V. Intimidation and blackmail
A. Criminal intimidation
Criminal intimidation is an offence contrary to section 24 of the Crimes Ordinance ( Chapter 200 ).
The offence of criminal intimidation involves:
- threats of injury to the person, property or reputation of the person; or
- threats of injury to a third person (e.g. a family member) their property or reputation; or
- threats of any illegal act.
The threats must be intended to:
- alarm the person threatened or any other person;
- to cause the person threatened or any other person to do an act he or she is not legally bound to do; or
- to cause the person threatened or any other person to omit to do any act they are legally entitled to do.
There must be threats to injure the person, damage the property or reputation of the person to whom the threats are directed or someone close to them. Whether or not there is a threat is a question of fact in all the circumstances of the particular incident. The threat must be made with the intention to alarm the person to whom the threats are directed or to cause that person to do something he or she is not legally required to do or not to do something he or she is legally entitled to do. Whether or not the threat is made with the necessary intent is again a question of fact in all the circumstances of the particular incident.
It is, for example, an offence to hawk without a licence. An illegal hawker may be arrested. The penalty the illegal hawker faces upon conviction includes forfeiture of the goods being hawked and the apparatus being used in the hawking. A hawker control officer attempting to seize the goods and apparatus of an illegal hawker may be threatened with injury unless he or she refrains from seizing the goods and apparatus. This is criminal intimidation: there is the threat of personal injury. The intention is to frighten the hawker control officer into failing to do his or her duty of seizing the goods and apparatus used in the illegal hawking. A variation on the theme would be if the illegal hawker threatened to set fire to the officer’s home or chop a family member unless the officer refrained from seizing the goods and the hawking apparatus. In situations such as these, a court would likely have little difficulty in finding, as a fact, the hawker had the intent required by section 24 of the Crimes Ordinance ( Chapter 200 ).
B. Blackmail
Blackmail is an offence contrary to section 23 of the Theft Ordinance ( Chapter 210 ).
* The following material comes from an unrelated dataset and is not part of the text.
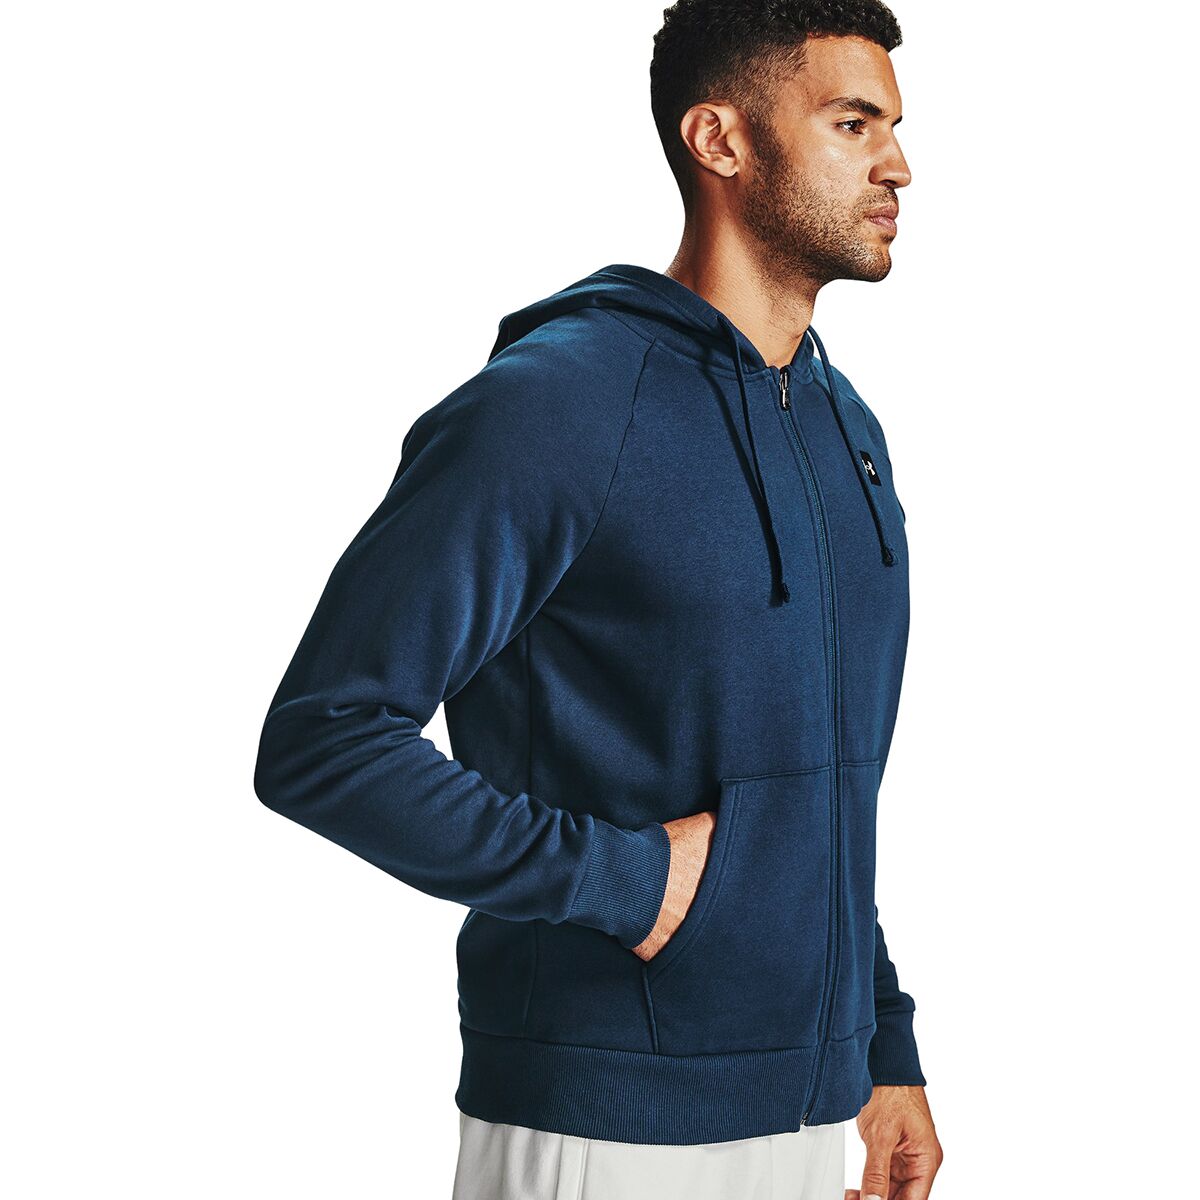 Details about   Under Armour Men's Rival Fleece Fitted Full Zip Hoodie 1302290

Blackmail is making any unwarranted demand with menaces. The demand must be made with a view to gain or with intent to cause loss to another person. Menaces simply mean threats. A demand with menaces is unwarranted unless the person making the demand believes he or she has reasonable grounds for making the demand and that the use of the menaces is a proper means of reinforcing the demand.
Blackmail is generally used where the victim is asked to pay money, for example, for the return of photographs of engaging in illicit sexual activities. The menaces are the threat to reveal the photographs, for example, to the victim’s spouse, unless money is paid for the photographs. The nature of the act or omission demanded is however immaterial. The issue is whether there has been an unwarranted demand with menaces with a view to gain or with intent to cause loss.